WHAT IS EXPECTED: Any images in the material are to be dropped while every line is retyped exactly.
--- DATA EXCERPT Enclosed Below ---
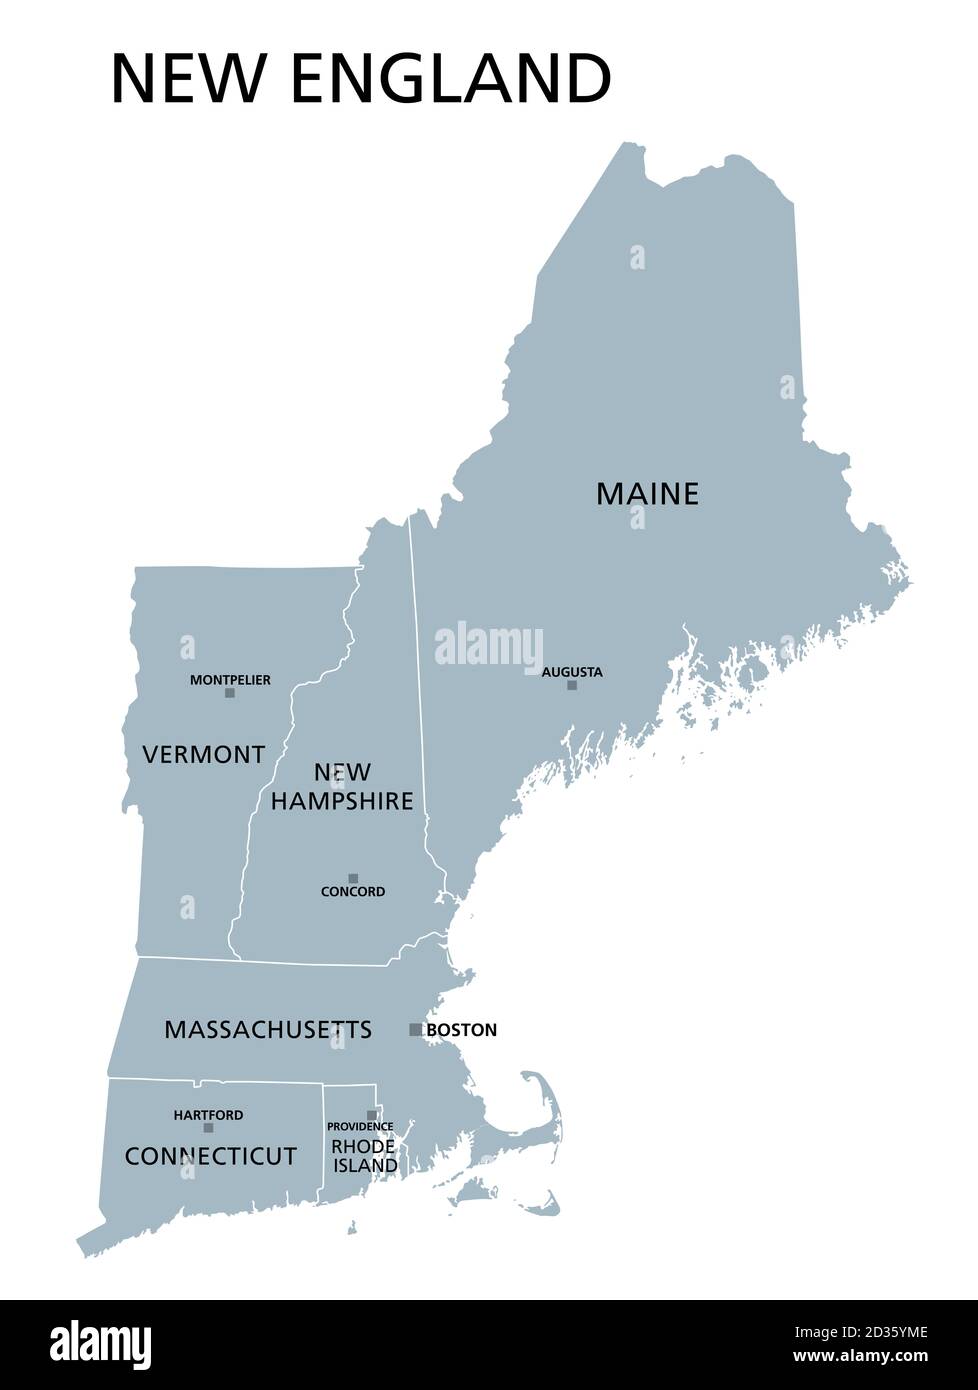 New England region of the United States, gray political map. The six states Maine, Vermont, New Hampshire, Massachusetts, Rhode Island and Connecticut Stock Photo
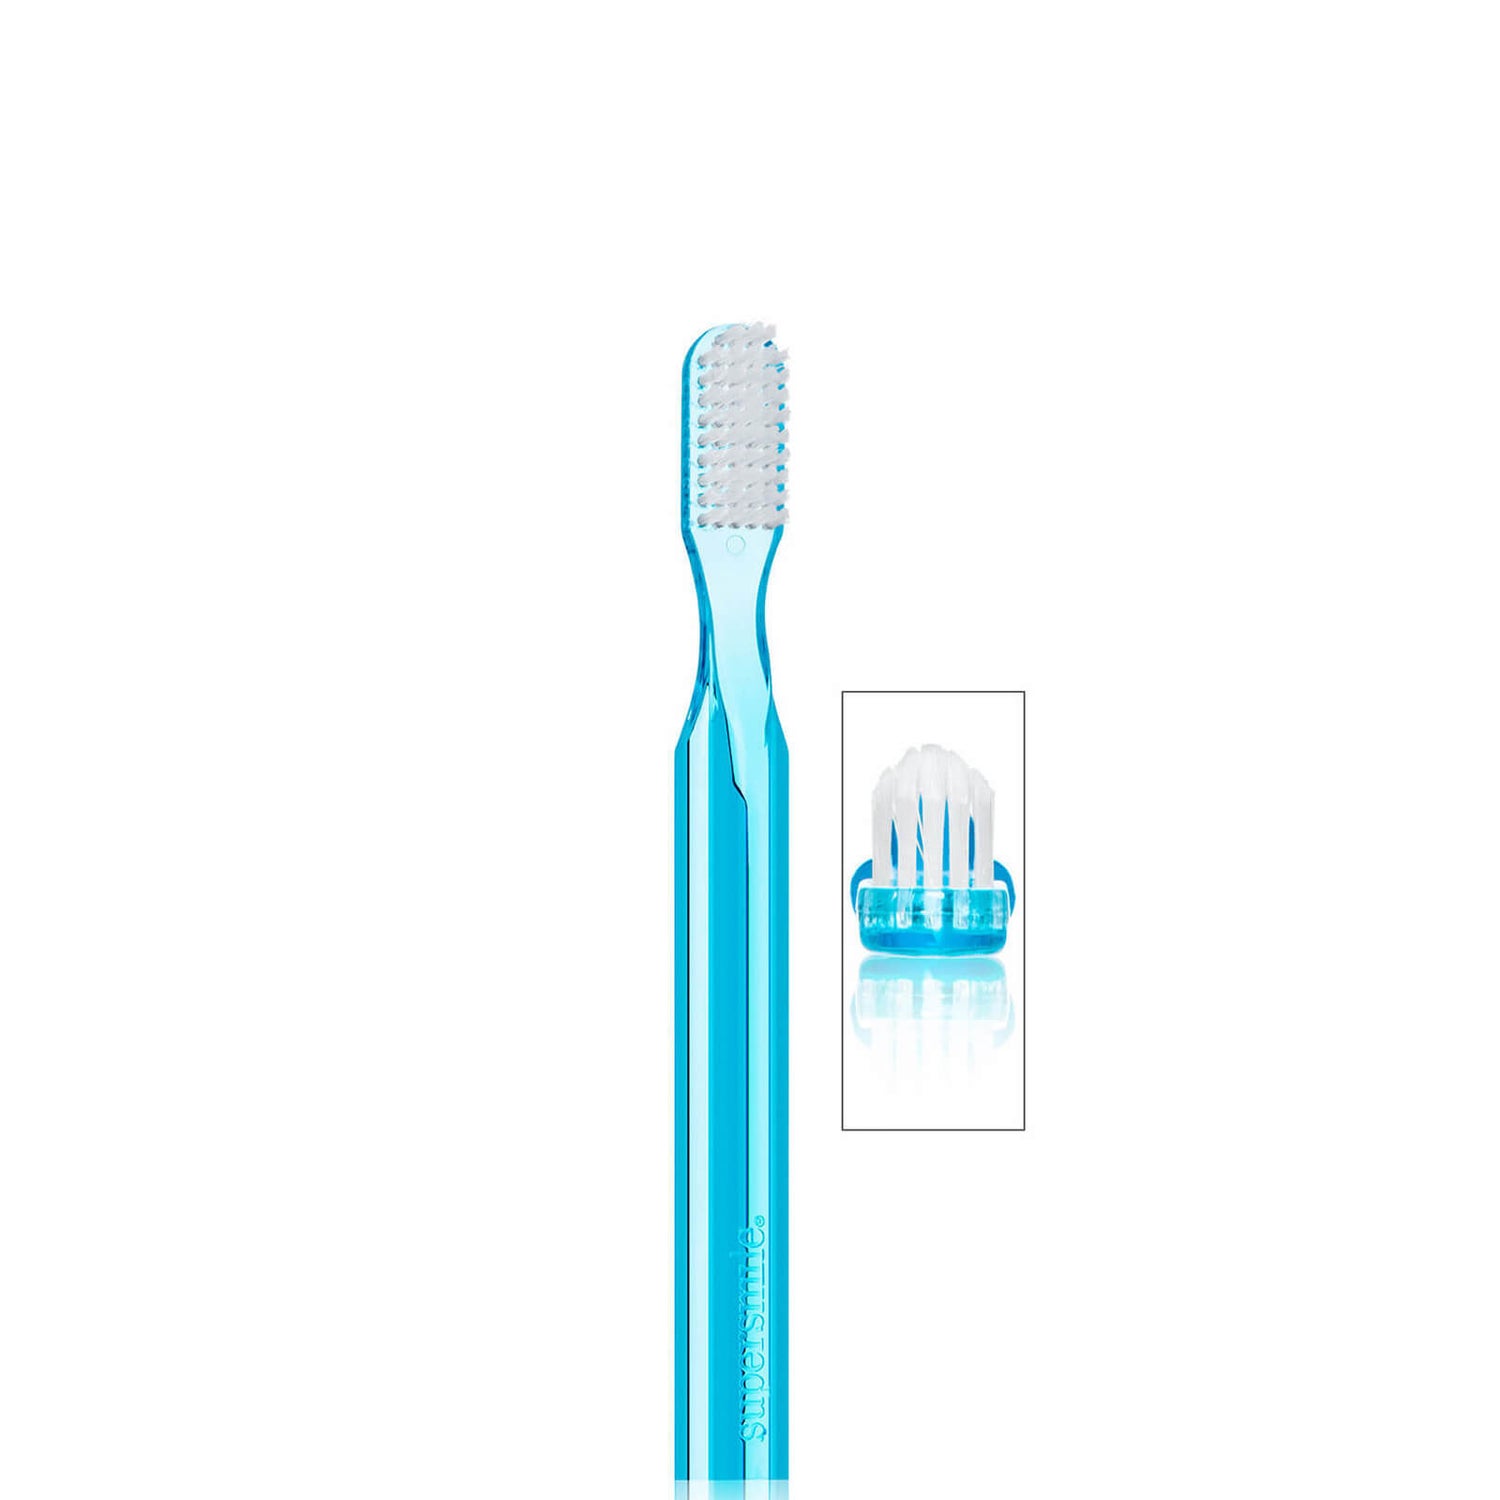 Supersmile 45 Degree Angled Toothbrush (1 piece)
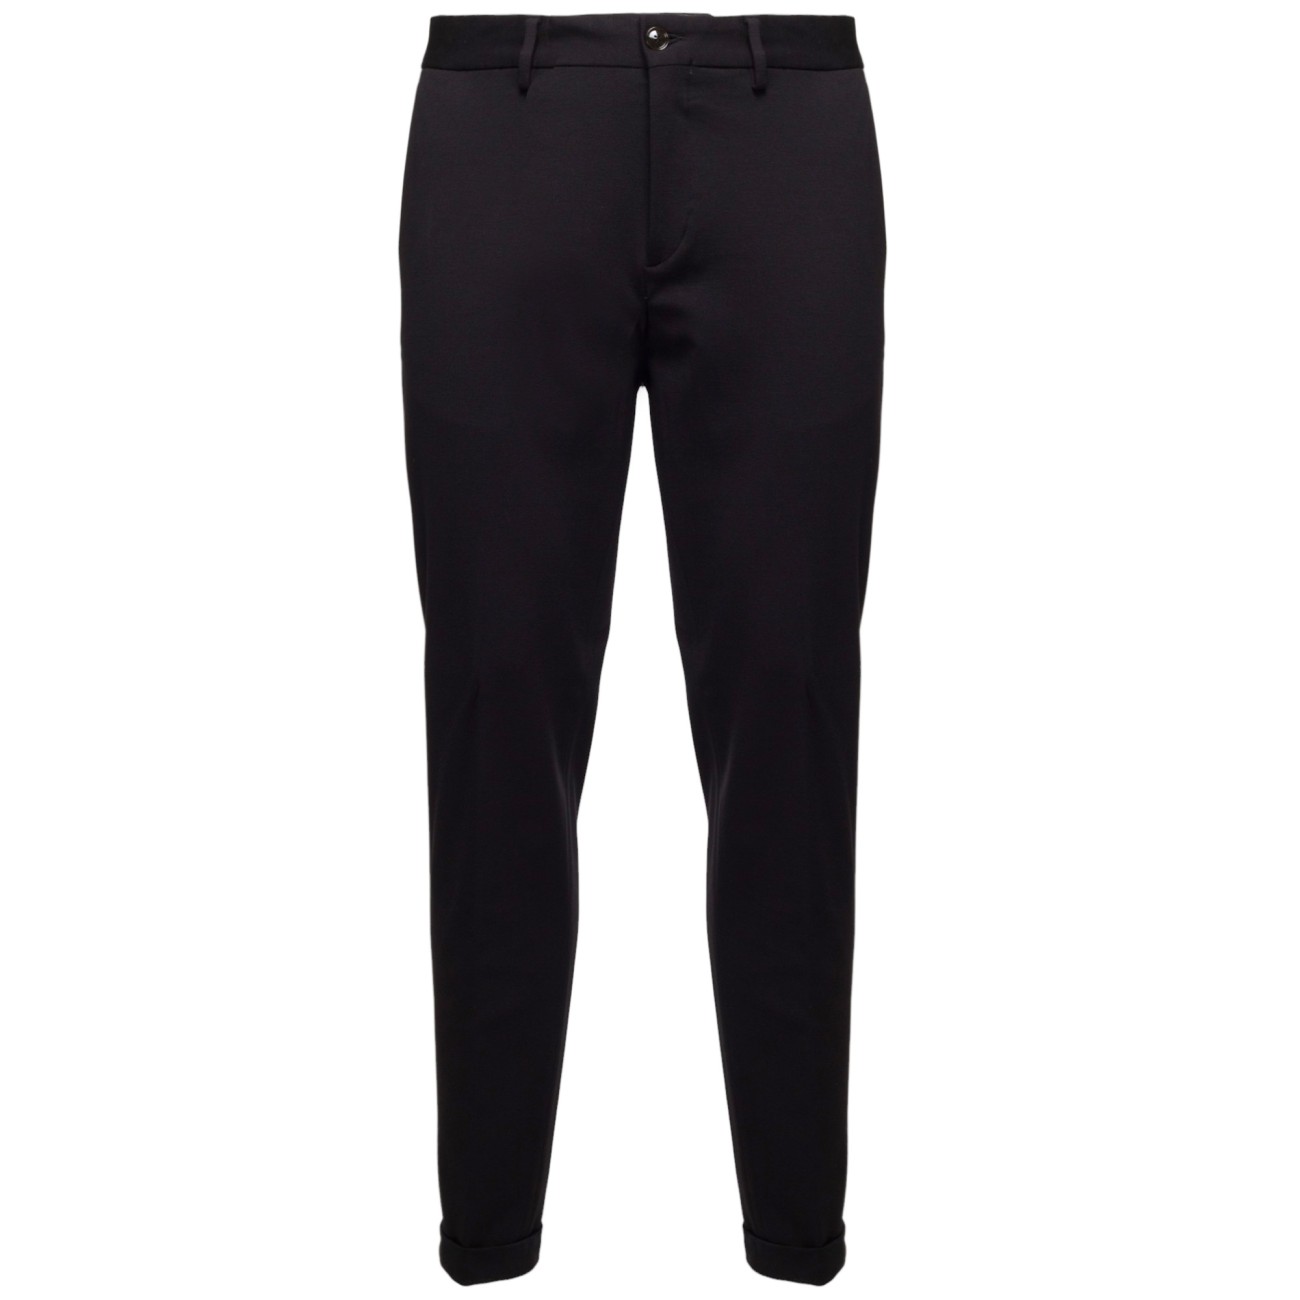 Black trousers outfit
--- End of Enclosed DATA EXCERPT ---
TASK ANSWER:
 New England region of the United States, gray political map. The six states Maine, Vermont, New Hampshire, Massachusetts, Rhode Island and Connecticut Stock Photo
 Supersmile 45 Degree Angled Toothbrush (1 piece)
 Black trousers outfit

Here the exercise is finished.